Cameron Hall Effect Thruster for Higher Efficiency and Flexibility in Electric Propulsion

Spring 2020, Santa Rosa, CA. — The Cameron Group, Inc., team has patented innovations that increase the thrust and specific impulse of Hall Effect Thrusters (HETs). The team is currently negotiating with other firms interested in partnering to qualify and manufacture the advanced HET units.

HETs perform a type of Electric Propulsion (EPROP) that uses electrostatic force to propel a stream of ionized gas with dramatically greater specific impulse than that of chemical thrusters. While HET’s produce less thrust, they can produce thrust over a much greater period and using a fraction as much propellant mass. The reduced weight permits greater payloads or decreased booster propellant.

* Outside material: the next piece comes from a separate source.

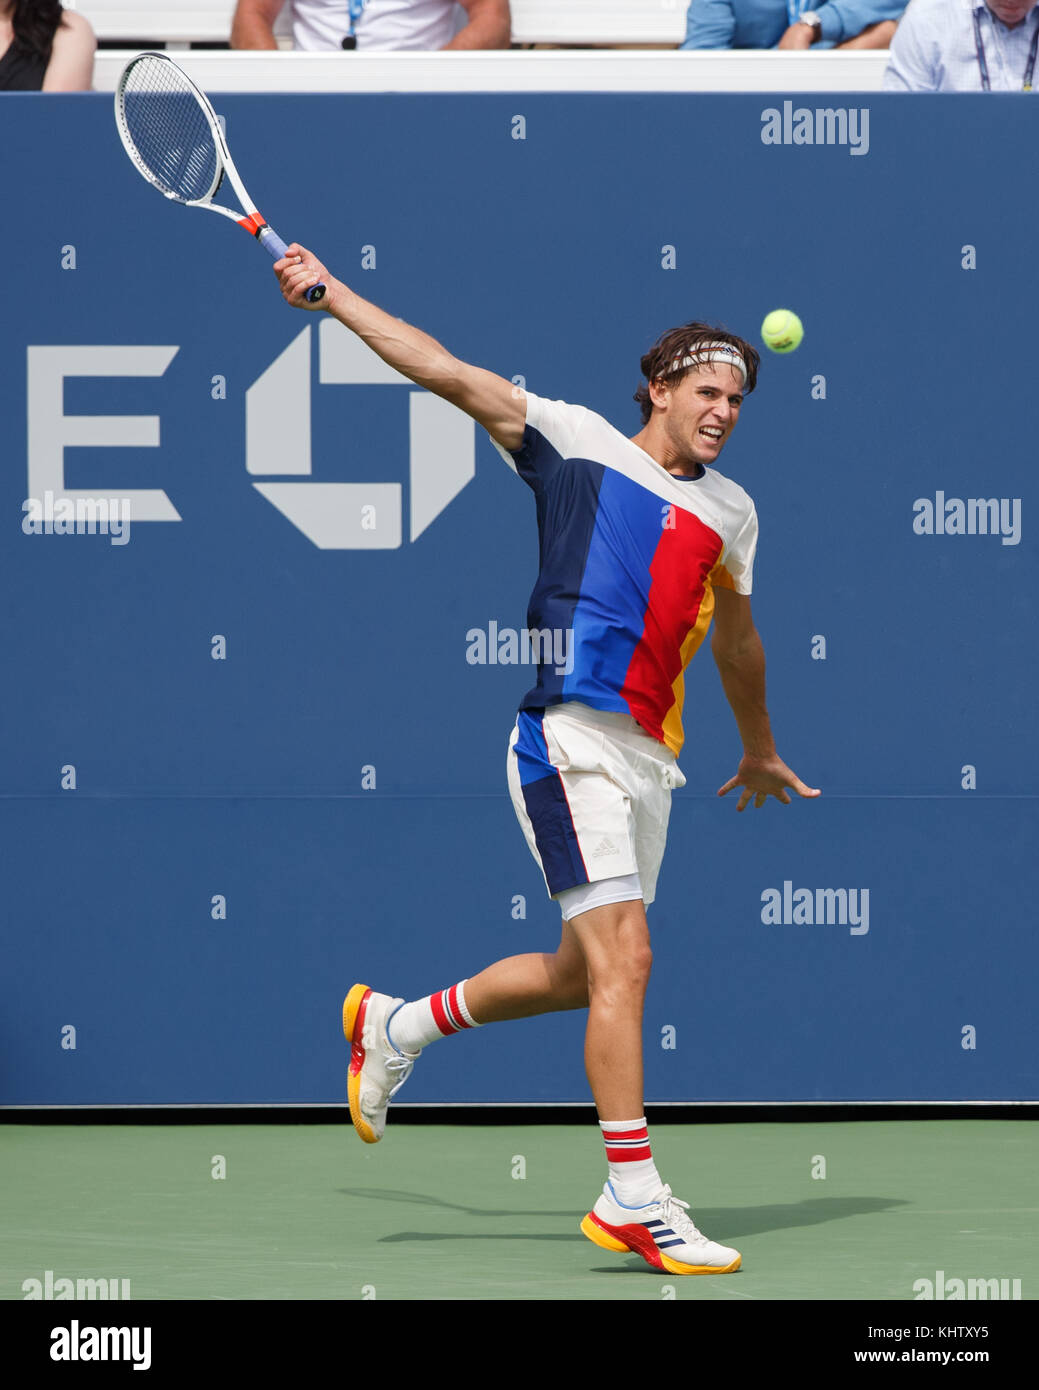 Tenista austriaco dominic thiem (Aut) desempeña escrito disparos durante los hombres escoge el fósforo en el US Open 2017 Campeonato de tenis, New York City, New York Foto de stock

HETs fall into two categories: lower-powered thrusters for station-keeping maneuvers to counter friction of the upper atmosphere, and higher-powered thrusters for operations such as boosting space vehicles to higher orbits or propelling them on interplanetary missions.

The smaller thrust has a cost: It increases the time required for orbital maneuvers. For example, the time to boost from low earth orbit to geosynchronous orbit increases from a couple of weeks for chemical boosters to months for ion propulsion. This means lost revenue for users of commercial space vehicles such as communications satellites. Therefore, users such as NASA are looking for ways to boost either the power or the efficiency of EPROP technologies.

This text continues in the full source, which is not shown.